ABE has a powerful VHF radio beacon. Once he is on the surface, the ship can use a directional antenna to home in and find him. We listened to our own radio in the lab, and we listened on the bridge, but all we heard was static. ABE was lost.

We check all of these emergency systems before every dive. Each system was working when we put ABE in the water. The descent was uneventful, and the acoustic tracking was working well. ABE was pinging the LBL net, the net was answering, and we could hear it all . . . right up to the point where we couldn't hear anything.

Right now we believe the best explanation is a catastrophic failure. All of ABE's independent emergency systems failed at the same time, which is nearly impossible unless something very bad happened to the entire system at once.

One of the glass balls imploding would be something very bad. A single 17-inch sphere releases almost a megajoule of energy when it implodes at 3,000 m (9,843 ft): ABE had six of those, plus one 12-inch sphere and three 10-inch spheres.

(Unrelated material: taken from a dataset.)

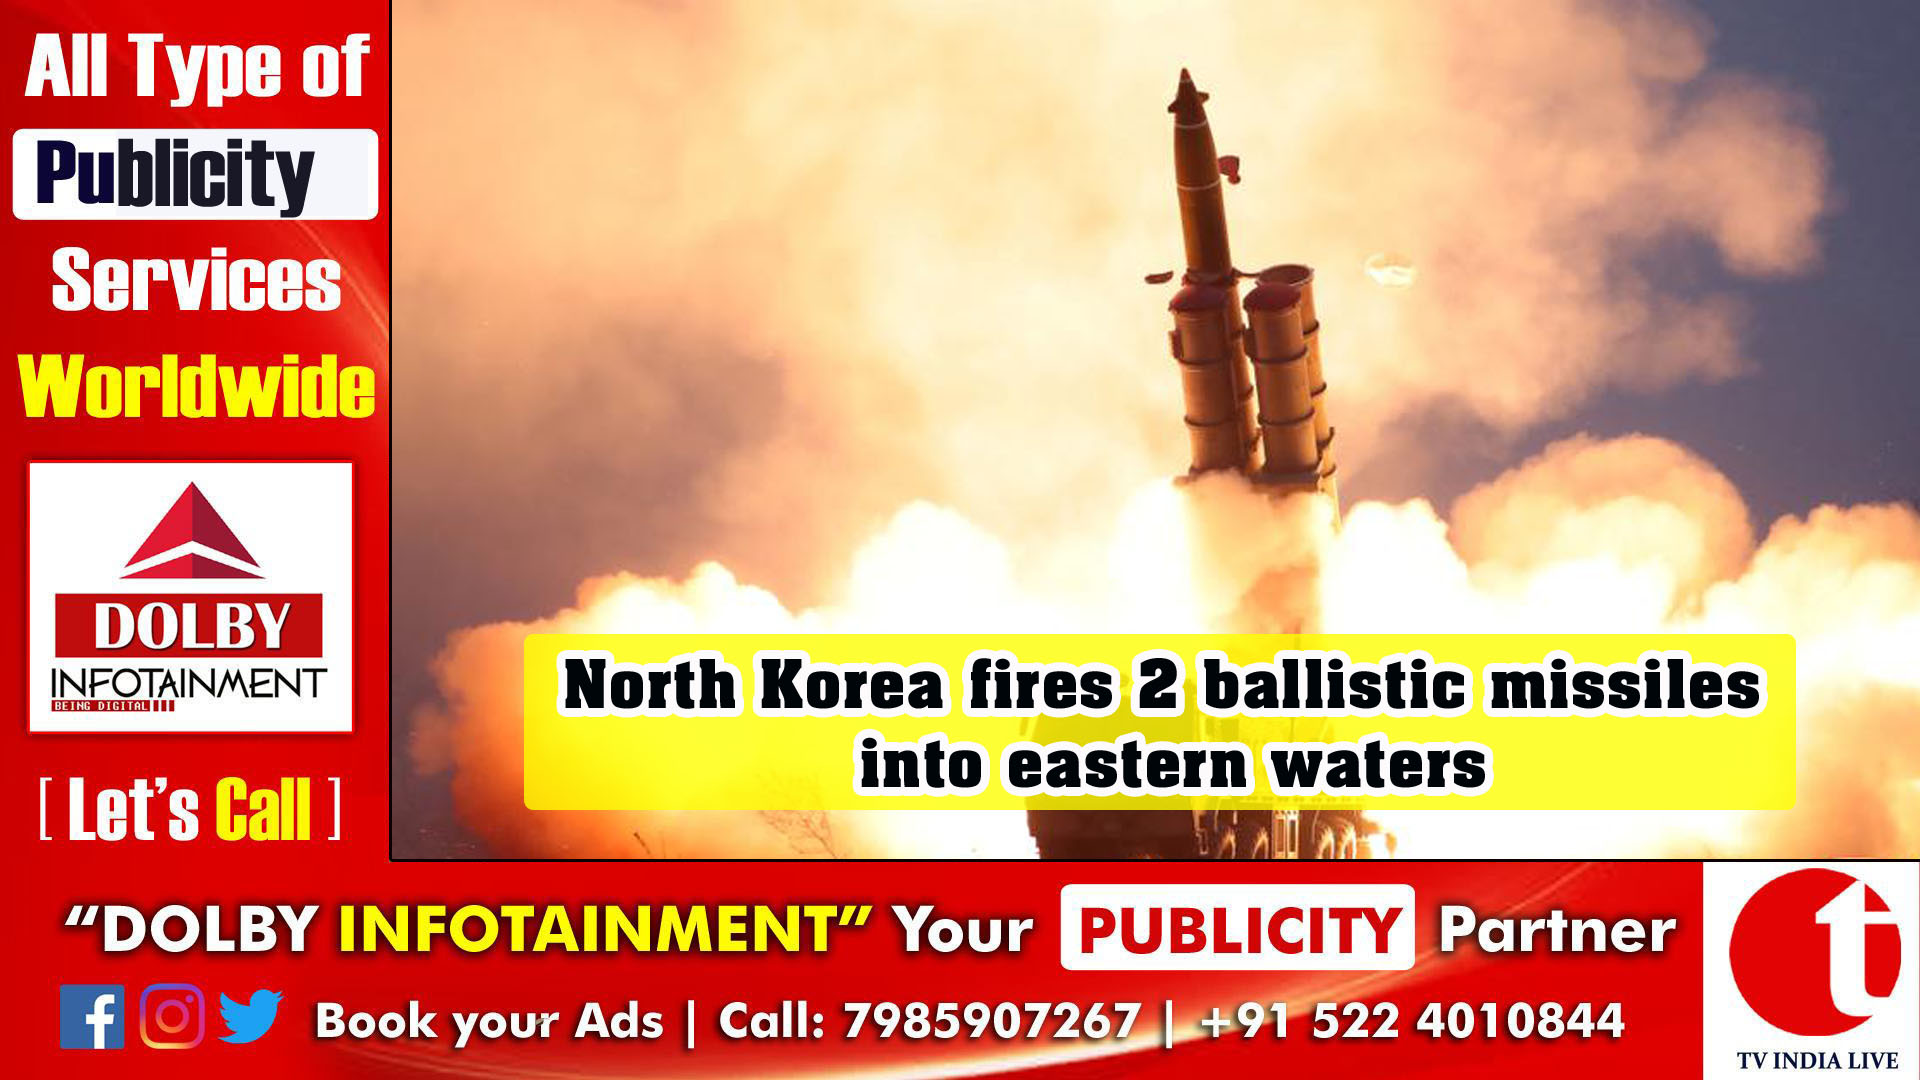 North Korea fires 2 ballistic missiles into eastern waters

If any one of them went, it would have likely caused sympathetic implosions in all the others. The total energy released would have been more than three sticks of dynamite.

ABE's empty cradle on the starboard deck of the Melville.

ABE's empty cradle on the starboard deck of the Melville. Image courtesy of INSPIRE: Chile Margin 2010. Download image (jpg, 66 KB).

The only problem with this theory is that we didn't hear anything, even on the acoustic tracking system. If a something implodes and releases that much energy, people hear and feel it through the hull of the ship. While we think that this is the most likely explanation, it is hard for any of us to believe we somehow missed hearing it.

ABE played a pioneering role in the development of autonomous underwater vehicles, and in their use for ocean exploration. ABE was the first autonomous robot to make detailed maps of the mid-ocean ridge, and the first to locate new hydrothermal vent sites on the seafloor. ABE was one of the few autonomous underwater vehicles (AUVs) operating in the field with the capability to hover or reverse direction. He operated more like a helicopter than a torpedo, and this allowed him to follow the bottom closely, providing valuable data for deep submergence science.

Epitaph:

Under the wide and restless sea, Lies my grave, now let me be; Glad did I work and now I rest, Now by deadlines no longer stressed. And I lay me down with a will.
This be the verse you grave for me; "Here lies ABE where it longed to be; Home is the sailor, home to the sea, Here it rests, now let it be."

— Al Bradley (after Robert Louis Stevenson)

On his 221st dive, ABE collected compelling evidence of hydrothermal activity in the area we were surveying. We can only guess at what he found on his last dive.

We take a risk every time we put an AUV in the ocean, and we always hope that it will come back. In the end, we've lost a member of our team, but I like to think that ABE is happy when he's down deep.